I stuck my nose in and started trying to help out. My first guess was "I wonder if someone wrote a dumb shell script without the usual set -e -u type stuff up top and it ran amok with an empty variable in front of a path". That didn't pan out. The files which were broken were some, but not all, of the links in this one directory. It didn't go by alpha order, either, so it probably wasn't some glob (like a * expansion) gone wrong. The pattern seemed to be as if it was something to do with symlinks with a slash in their targets, but that also made no sense. The broken files also seemed to have modification times within a few hundred milliseconds of each other.
After poking at that for a bit, eventually the troubleshooting work came around to "how many hosts did this", and from there, "when did they break", and "what did they have in common at those respective times". Basically, what was running on the box when things went sideways?
After staring at too many logs, I came up with an idea: the chroots were being prepared at this point in the timeline. Not only that, but a single directory was the target for multiple tasks which were all being set up at the same time! Instead of having a single setup task which the actual jobs would block on, they all went and ran it parallel.
In short, we had multiple writers, and since the source for this setup task was a tarball, it sure looked like we had warring tar instances.
Obviously, for something this ridiculous, I needed to rig a reproduction case to prove it, and after a few minutes of smacking the shell around, came up with exactly that. It required a tarball which contained (among other things) symlinks pointing at ../../../foo type paths, and some subshell/background magic to make them run at the same time.
It didn't always work, but given a couple of iterations, you'd eventually get the result: a zero-byte file with 000 permissions, like this:
---------- 1 somebody users 0 Mar 29 19:43 /tmp/race/proof/of/concept
Based on interrogating it with strace, it looked like it would first create a plain file with open(), then it would lstat() it, unlink() it, and finally symlink() it. However, if two tars ran at the same time, those calls could get intertwined, and it would complain and leave the empty and permissionless file behind.
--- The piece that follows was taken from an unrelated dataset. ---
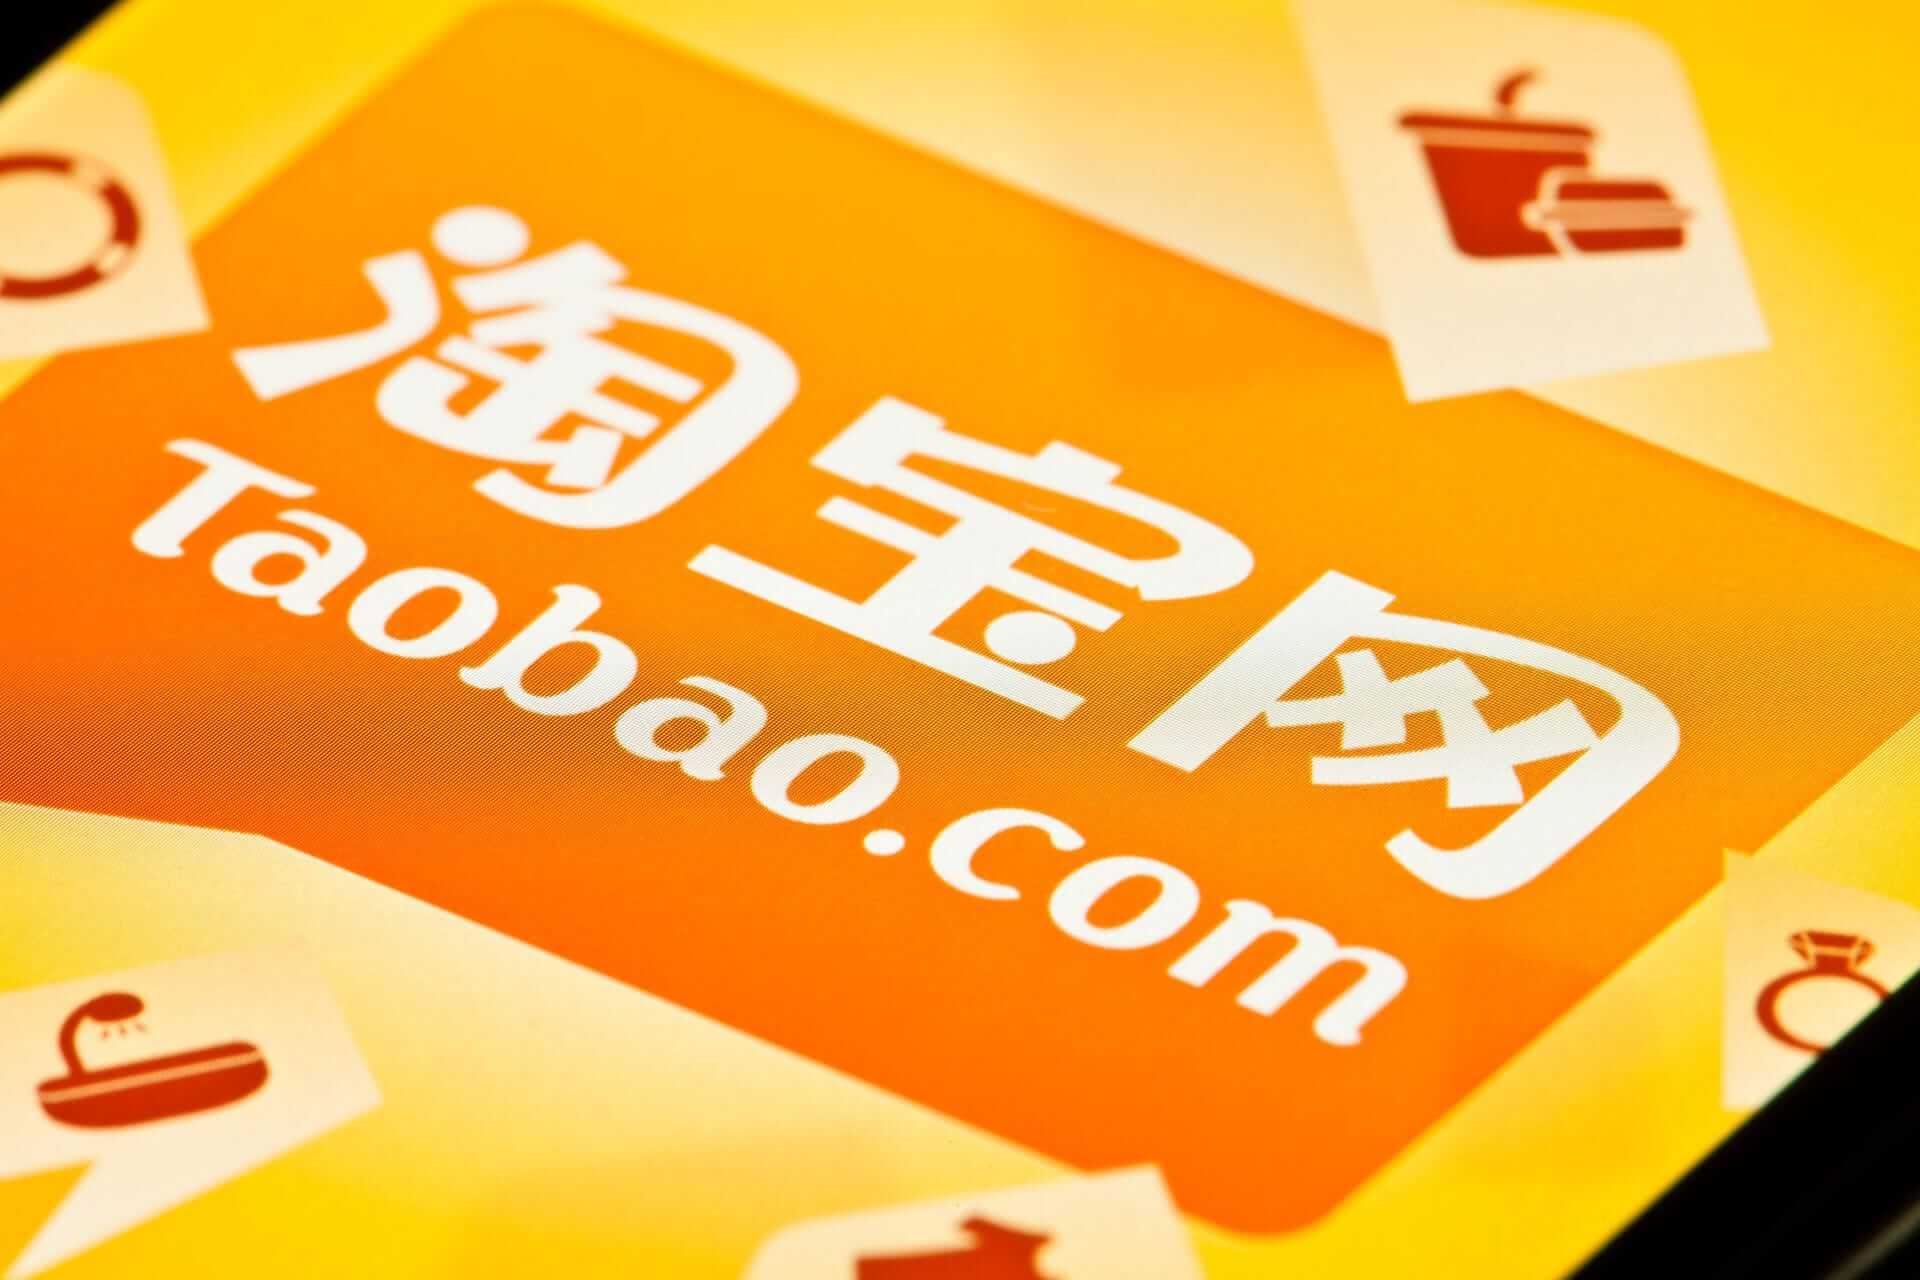 Крупнейший маркетплейс Taobao подарит покупателям платформы денежные призы общей стоимостью 1 млрд юаней в преддверии распродажи 11.11

It turned out that someone had recently enabled parallel setup, and as soon as fresh chroots started being "born" in this world, the problem would start happening.
The workaround, more or less, was to turn it back off. I'm not sure what ended up happening in terms of making it impossible to corrupt, but I hope it involved a "one dir, one setup mutex" type schtick.
This was a small potatoes outage, so it never got a real name like the really big ones did, but in my heart, this'll always be the tartar bug.